After water aerobics, the women often sit in the clubhouse hot tub to warm up after an hour in the cool pool.
A couple of days ago, my wife said, one woman said, “I’ve heard that people eat squirrel. Can you believe that?”
Several expressions of “Yuck” and such followed.
My wife said, “I’ve eaten squirrel.”
“You have?” and “Really?” and “You have eaten squirrel?” followed.
“Yes,” my wife said. “I’ve had squirrel stew and squirrel dumplings and squirrel head soup.”
Oh, my goodness, she might as well have dropped a Baby Ruth in the hot tub.
“Squirrel head soup!!?”
When the exclamations from that sort of petered out, someone said, “And possums. I’ve heard people eat possums.”

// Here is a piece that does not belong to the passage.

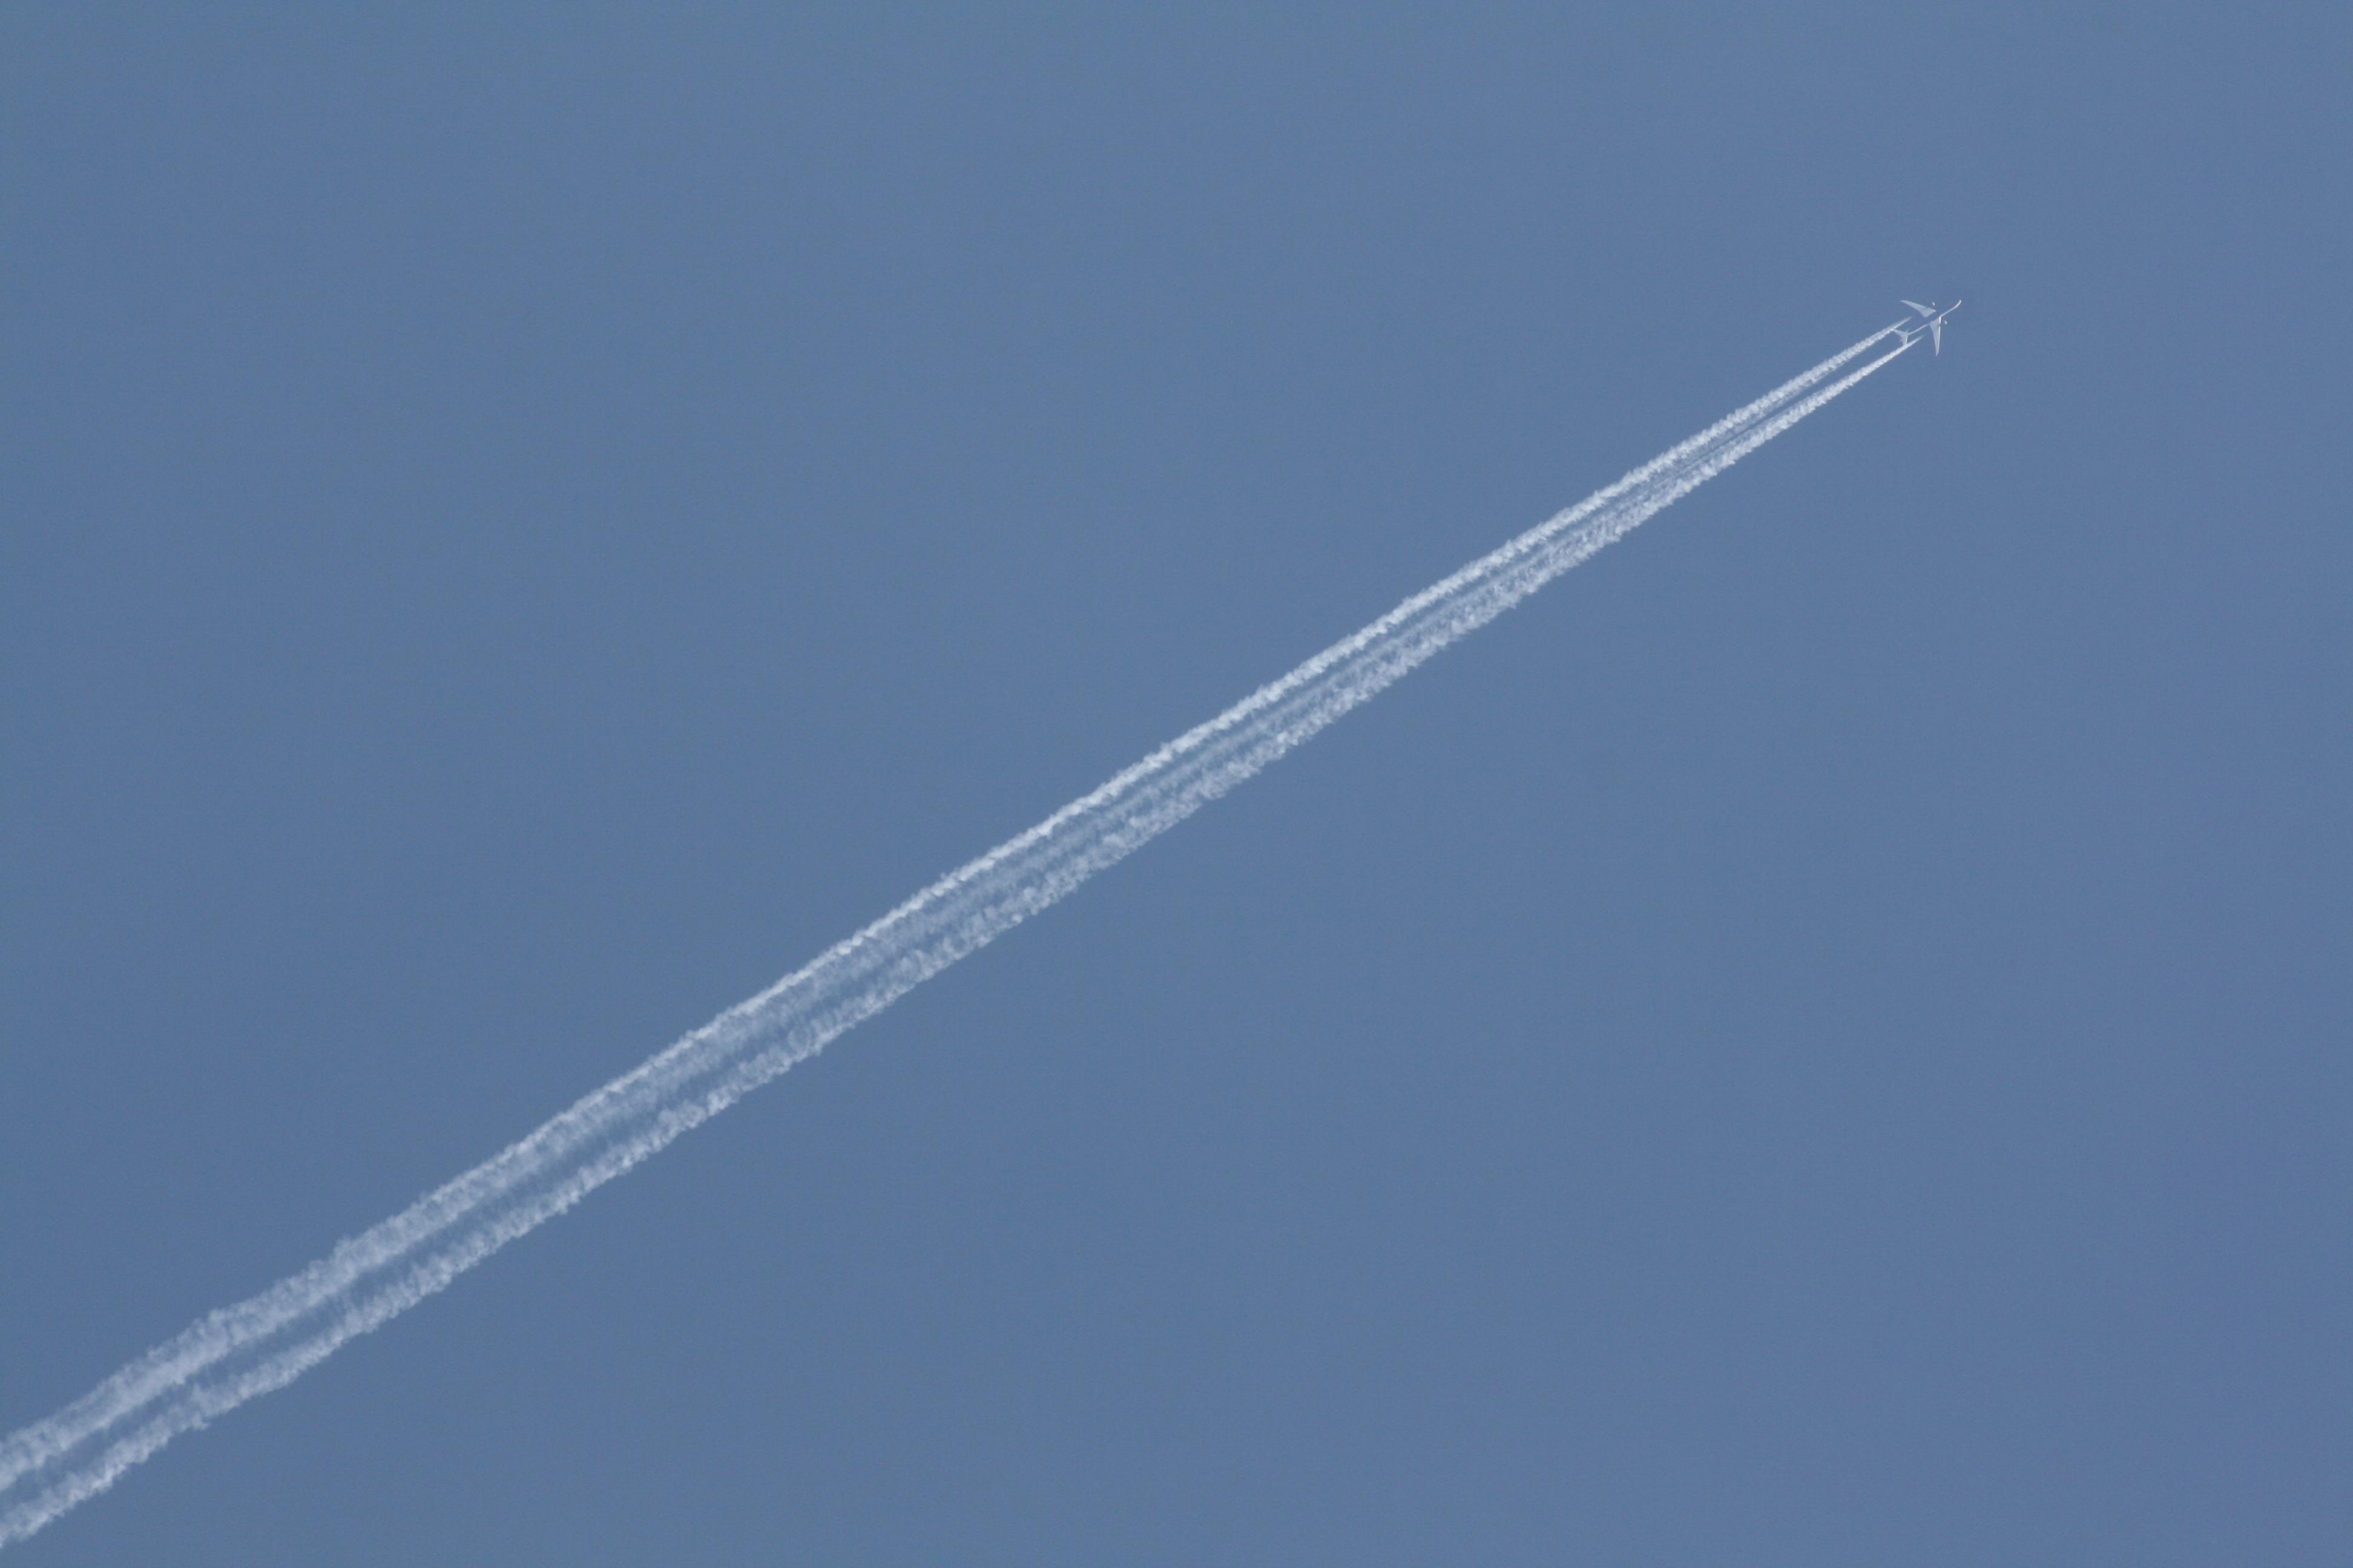 Naam: Boeing backgarden.jpg Bekeken: 585 Grootte: 391,7 KB

More expressions of disbelief.
My wife said she had eaten possum. “In fact,” she said, “some of my relatives had possum for Thanksgiving.” She then said, “They had turkey, too, but the possum was part of dinner.”
That’s the way it was with poor people in rural Arkansas and other parts of the South way back when. Possum and squirrel might be considered “ethnic food” these days, consumed only by black people who otherwise would go hungry.
Nope. Squirrel and possum were food for poor blacks, whites and Southern Choctaw, Cherokee, Creek, and etc. Wherever there was poverty, you would find squirrel stew and baked possum.
Northern folk always seem proud of their blood sausage (yuck), but frown when considering squirrel and possum?
My wife also told the Northern ladies, “You had to eat carefully, though, so you didn’t bite down on lead shot.” She also had to explain what shot is.
I had squirrel dumplings when I was 5 years old, at my mother’s parents’ house. They warned about the lead shot. I found two.